Словом, не откладывая в долгий ящик, мы арендовали в окрестностях Истхэмптона сарай, покрасили его, почистили, обставили и прибили вывеску: «Картинная галерея у Южной развилки». Я отказался поставить свое имя на вывеске, то ли из скромности, то ли из боязни насмешек.
В девять часов утра Фабиан ожидал меня в нашей галерее, где за прошедшие четыре дня мы уже развесили на стенах тридцать картин Анжело Квина. Пригласительные билеты на открытие выставки были разосланы две недели назад. Массу своих друзей и знакомых, которые проводили лето в Хэмптоне, Фабиан обещал вволю угостить шампанским на открытии. Мы предусмотрительно пригласили двух полисменов, чтобы наблюдали за порядком на стоянке автомашин.
Я допивал вторую чашку кофе, когда зазвонил телефон.
– Дуг, – послышался в трубке мужской голос, – это я, Генри.
– Кто?
– Твой брат Генри. Ты что, не узнаешь?
Более года назад брат был у меня на свадьбе, и с тех пор я не видел его. В двух письмах он сообщал мне, что наш бизнес выглядит довольно многообещающим, что, по-моему, лишь означало его недалекий провал.
– Ну, как ты? – спросил я его.
– Прекрасно, прекрасно, – торопливо произнес он. – Мне надо сегодня встретиться с тобой.
– У меня сегодня ужасно забитый день. Не можешь ли ты…
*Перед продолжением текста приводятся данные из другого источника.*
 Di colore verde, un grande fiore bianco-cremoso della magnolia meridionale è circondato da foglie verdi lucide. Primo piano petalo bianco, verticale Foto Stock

– Это нельзя откладывать. Послушай, я в Нью-Йорке. Всего два часа езды.
– Пойми, что никак не могу, Хэнк.
– Ладно, тогда я приеду к тебе.
– Но я же действительно по горло занят…
– Но обедать ты же будешь? – обидчиво прокричал он. – Боже мой, за два года не может один час уделить своему брату! Я приеду к двенадцати часам. Где тебя найти?
Я назвал ресторан в Истхэмптоне и объяснил, как проехать к нему. Положив трубку, я с досадой вздохнул и пошел одеваться.
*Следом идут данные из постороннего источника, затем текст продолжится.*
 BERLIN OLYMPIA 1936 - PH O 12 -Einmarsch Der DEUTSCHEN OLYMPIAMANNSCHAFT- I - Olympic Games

Эвелин только что встала с постели, я поцеловал ее, пожелав доброго утра. Против обыкновения, она не была с утра в плохом настроении.
– Ты пахнешь морем, – шепнула она, прижавшись ко мне. Я ласково шлепнул ее, сказав, что сегодня очень занят, но позже позвоню ей.
По дороге в Истхэмптон я решил, что дам брату, если он попросит, самое большее еще десять тысяч. И ни цента больше.

 

Фабиан ходил взад и вперед по выставке, немного поправляя висевшие на стенах картины, хотя, на мой взгляд, они висели совершенно ровно. Девушка, которую мы наняли на лето, расставляла бокалы на длинном столе в конце сарая. На двух картинах Квина, взятых у меня из гостиной, Фабиан прикрепил таблички с указанием, что они проданы.
– Надо сломать лед, – объяснил он. – Картины никто не любит покупать первым. В каждом деле свои фигли-мигли, мой мальчик.
– Уж и не знаю, что бы я делал без вас.
– Послушайте, я еще кое о чем подумываю, – сказал он знакомым мне тоном, обозначавшим, что он уже что-то придумал.
– О чем же? – спросил я.
– Мы продешевили, – решительно заявил Фабиан.
До этого два дня мы сидели и обсуждали цены на картины. И в конце концов решили за большие картины, написанные маслом, просить по полторы тысячи, а за каждую из тех, что поменьше, – от восьмисот до тысячи долларов.
– Мне кажется, что об этом мы уже достаточно говорили, – заметил я.
– Да, говорили. Но мы слишком скромны. Народ подумает, что мы сами не очень-то уверены в ценности этих картин.
– Что же вы предлагаете?
– Две тысячи за большие и от тысячи двухсот до полутора тысяч за те, что поменьше. Доверьтесь моему чутью, Дуглас, – важно произнес он, – и мы сделаем нашего молодого художника известным. Жаль, что он не смог приехать. Следовало бы его модно подстричь, побрить, приодеть, и он бы выглядел весьма привлекательно. Особенно при продаже картин любительницам живописи.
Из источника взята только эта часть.